Data on measures for preventing malaria, including the possession and use of ITN /LLIN and implementation of IRS were collected in the NMIS. These data were used to generate the following indicators of intervention coverage as recommended by Roll Back Malaria-Measurement and Evaluation Reference Group (RBM-MERG) [18,19]: (i) the proportion with access to ITN in the household, (ii) proportion in every household that slept under an ITN during the previous night to the survey, (iii) proportion of children under 5 who slept under an ITN during the night preceding survey.

Socioeconomic data

Information on socioeconomic status (SES) was measured by a wealth index, which was present in the NMIS. It was derived through Principal Component Analysis as a weighted sum of household assets.
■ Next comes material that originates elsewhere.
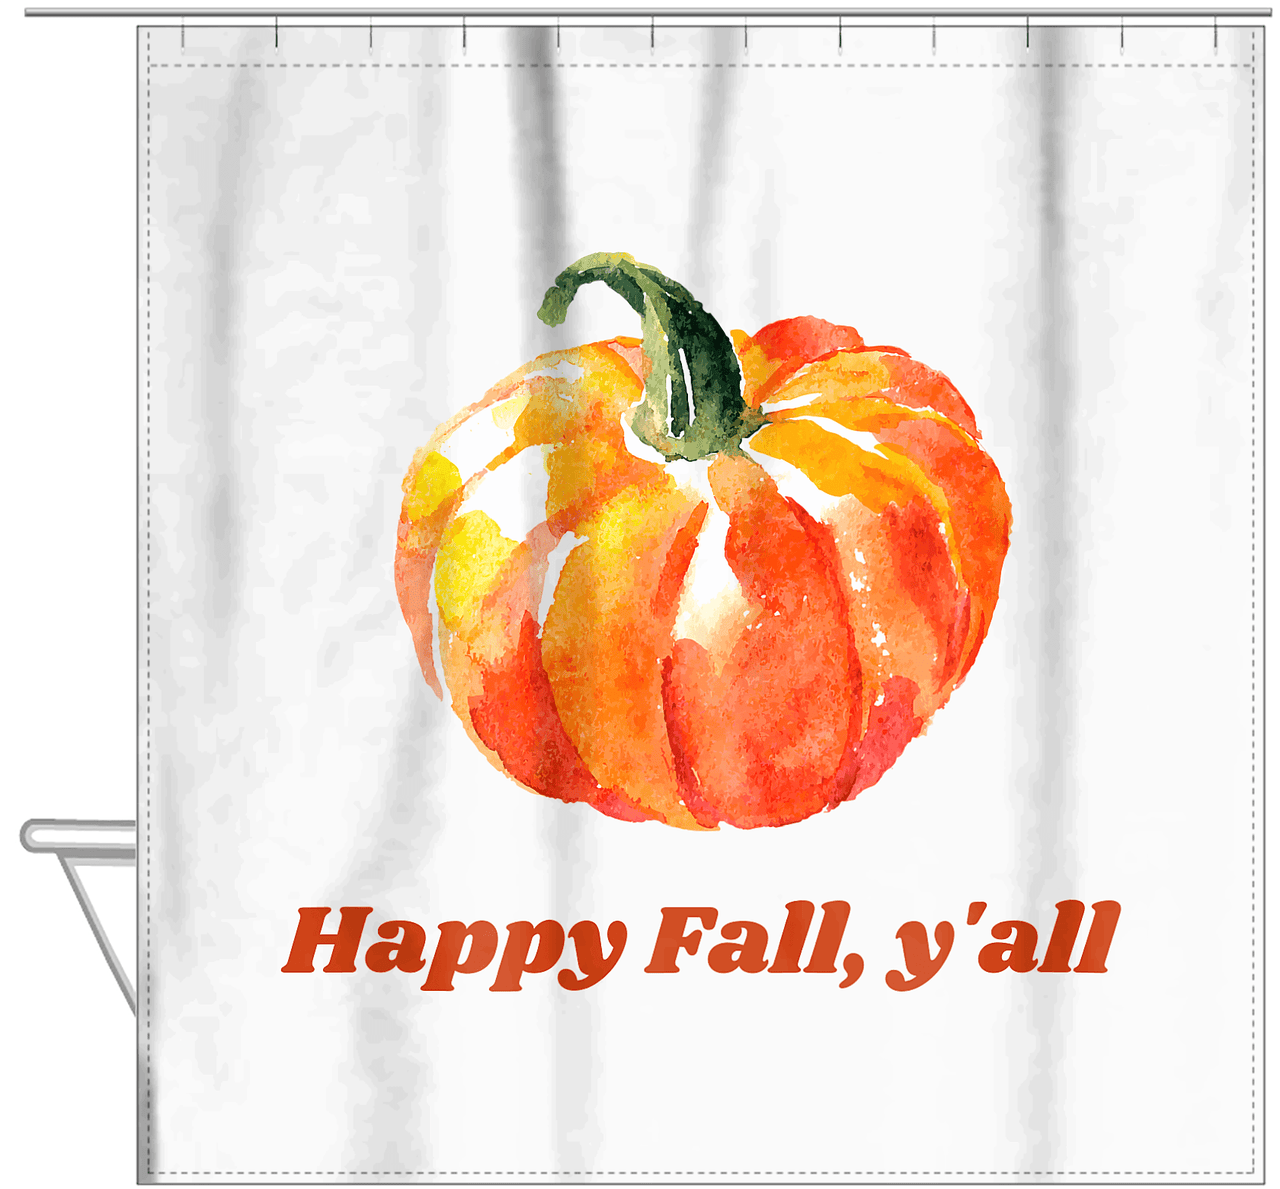 Personalized Pumpkin Shower Curtain - White Background - Text Below Pumpkin - Hanging View

SES was included in the analysis as a categorical covariate with categories corresponding to the quintiles.

Population data

Population density grid data for the year 2010 was extracted from Worldpop [20]. Population structure for the same year was obtained from international database of United State census bureau [21] to calculate the number of children under five years.

Bayesian geostatistical modelling

Bayesian geostatistical logistic regression models were applied to identify important predictors of malaria parasite risk, produce a contemporary malaria risk map, and obtain estimates of number of children less than five years old infected with malaria parasites. Variable selection was carried out during the geostatistical model fit. All possible combinations of covariates resulting in 65536 models were fitted to obtain a parsimonious model.
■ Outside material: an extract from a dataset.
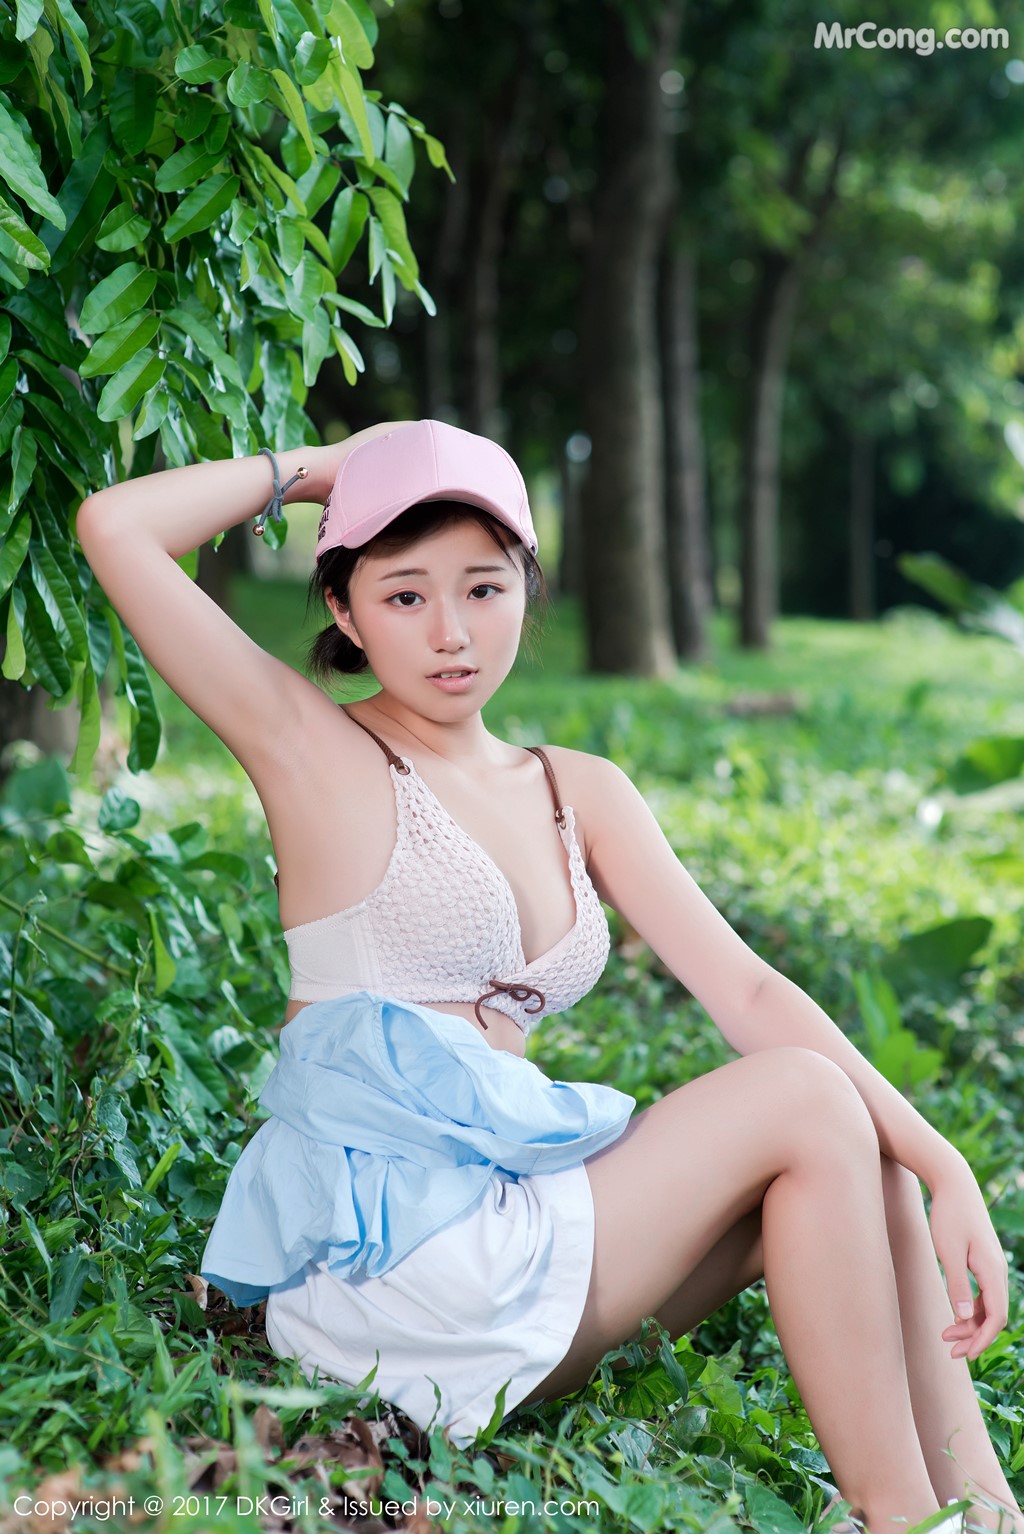 DKGirl Vol.039: Model Cang Jing You Xiang (仓 井 优香) (57 photos)

Prediction was carried out using Bayesian kriging [22] based on the model with the best predictive ability. Model validation was performed on the first two models with the highest probability of having generated the data among those considered. In particular, the models were fitted on a random sample of 85% of the locations and used the remaining locations to compare model-based predictions with observed prevalence by calculating the Mean Absolute Error (MAE). A regular grid of 231,865 pixels at 4 km2 spatial resolution covering the whole country was generated to predict the parasitaemia risk at unsampled locations and produce a high-resolution risk map. Population data on the number of children under five years of age was combined with spatially explicitly predicted parasitaemia risk to estimate the number of infected children. The analysis was carried out in WinBUG1.4 (Imperial College and Medical Research Council London, United Kingdom). Bayesian kriging was implemented in FORTRAN 95 (Compaq Visual FORTRAN Professional 6.6.0) using standard numerical libraries (NAG, The Numerical Algorithm Group Ltd). Details on Bayesian model selection, model fit and validation are provided in Additional file 1.

Results

The study included 5,043 children under five years old with complete parasitological and malaria intervention data collected over 239 geo-located clusters. The overall prevalence using thick blood smear results was 38%. On average, one ITN is available for every four children or for every five individuals in the household and only 26% of the children less than age of five slept under an ITN during the night preceding the survey. The IRS coverage is 1.02% in the entire country.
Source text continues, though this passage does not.